Why Evaluate AI Agents?
Understanding why Evaluation is Essential for Non-Determinstic and Stateful AI Agents
AI Agent Evaluation
AI agents are non-deterministic and stateful systems that present unique evaluation challenges:
Non-deterministic behavior means agents make dynamic decisions at each step:
- Which tools to call from available options
- When to retrieve or update memory
- How to route between different execution paths
Stateful behavior means agents maintain and evolve context over time:
- Short-term memory: Conversation history and task context within a session
- Long-term memory: User preferences, past interactions, and learned patterns across sessions
Building reliable AI agents is hard because of the brittle, non-deterministic multi-step nature of their executions. Poor upstream decisions can lead to downstream failures, so any agent component changes can have a cascading effect on the agent's behavior.
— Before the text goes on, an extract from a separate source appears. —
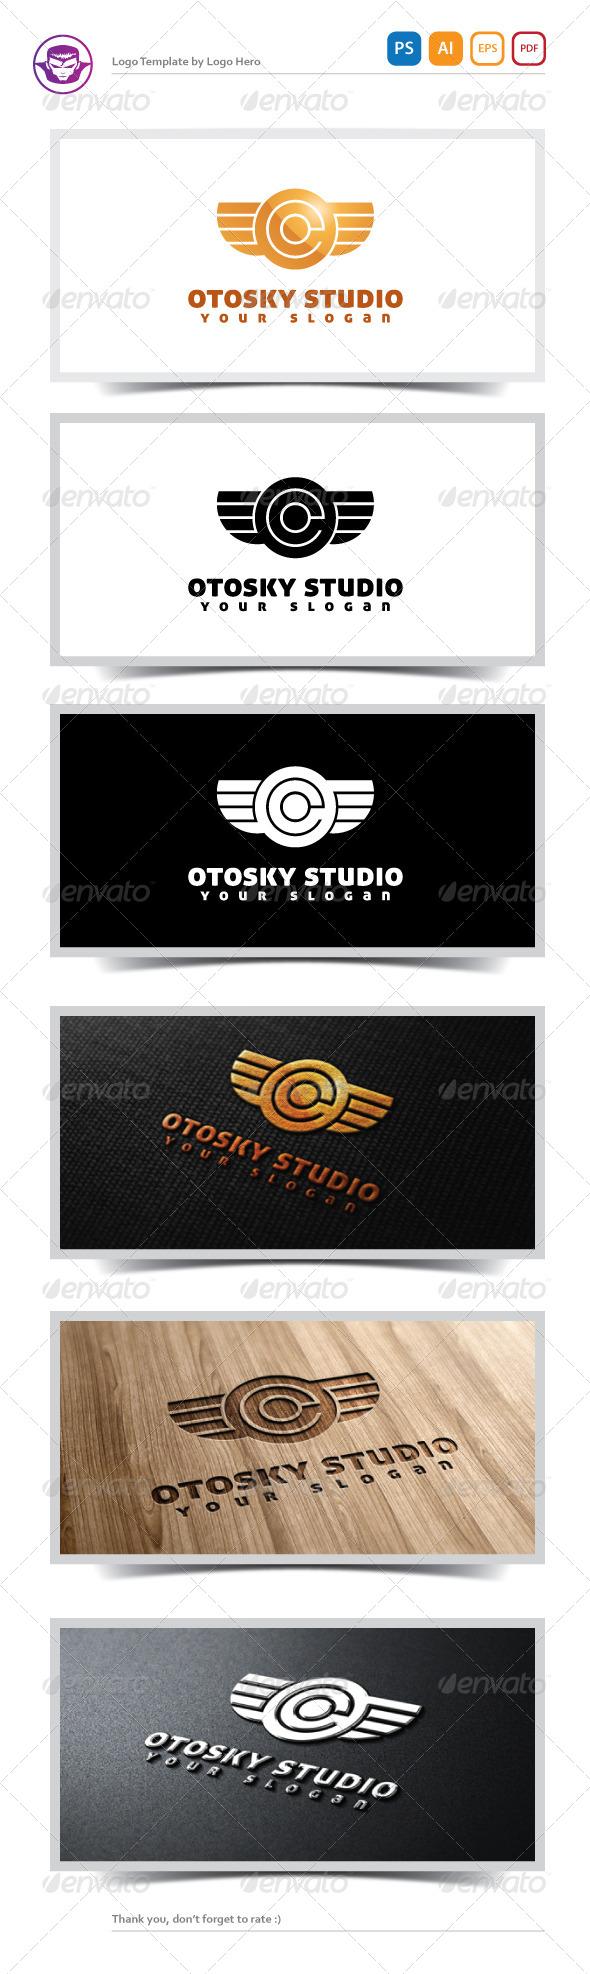 Otosky Studio Logo Template
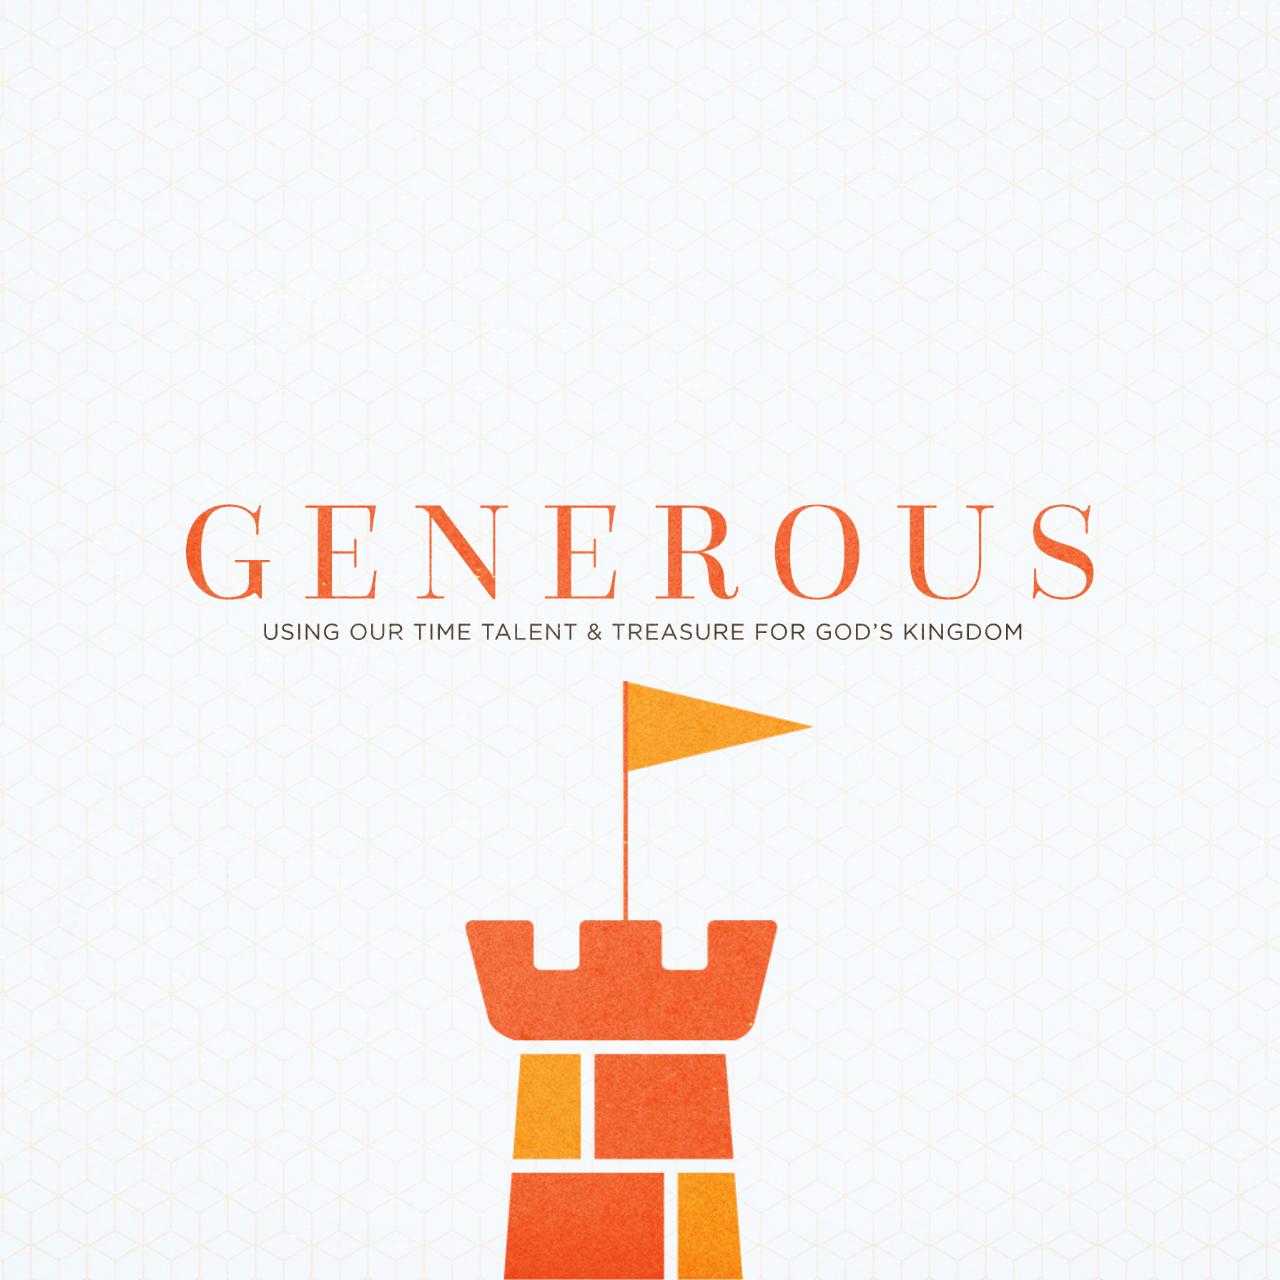 Generous: How Do We Invest It?

Agents have increased complexity because they must plan their execution, select the proper tools, and execute them in an order that is both efficient and effective. They must also reason over their state using memory and retrieval to make meaningful decisions on their execution path based on new information.
Agent Planning
When an agent receives a query, it must first determine what to do. One way is to ask it every time — use the LLM to act based on its inputs and memory.

To evaluate a planner, we need to check whether it is selecting the correct next nodes. Agents can call tools, invoke other agents, or respond directly, so different branching paths should be accounted for.
Tool Calling
Tool calling forms the core of agentic behavior, enabling LLMs to interact with the world via external APIs/processes, self-written functions, and invoke other agents. However, the flexibility of tool calling introduces failure points in the tool selection, parameter choice, and tool execution itself.

To evaluate tool calling, we need to check whether the agent is selecting the correct tools and parameters, as well as whether the tool is executed successfully.
Agent Abilities
Abilities are specialized capabilities or modules that extend the agent's base functionality. They can be implemented as internal functions, scripts, or even as wrappers around tool-calls, but are often more tightly integrated into the agent's architecture.

Flowchart of abilities for a travel agent's itinerary generation trajectory.
Agent Memory
Agent memory enables agents to retain and recall information during an interaction or across multiple trajectories. This can include user preferences, task-specific tips, or past successful runs that can help performance.
Agents can peform CRUD operations on memory during the course of an interaction. Each of these operations influences the agent's behavior and should be monitored and evaluated independently.

Tracking memory read/write operations can help you understand how your agent uses memory in response to edge cases and familiar tasks.
Agentic Reflection
After a subtask is complete or a response is generated, it can be helpful to query the agent to reflect on the output and whether it accomplished its goal. If it failed, the agent can re-attempt the task using new context informed by its original mistakes.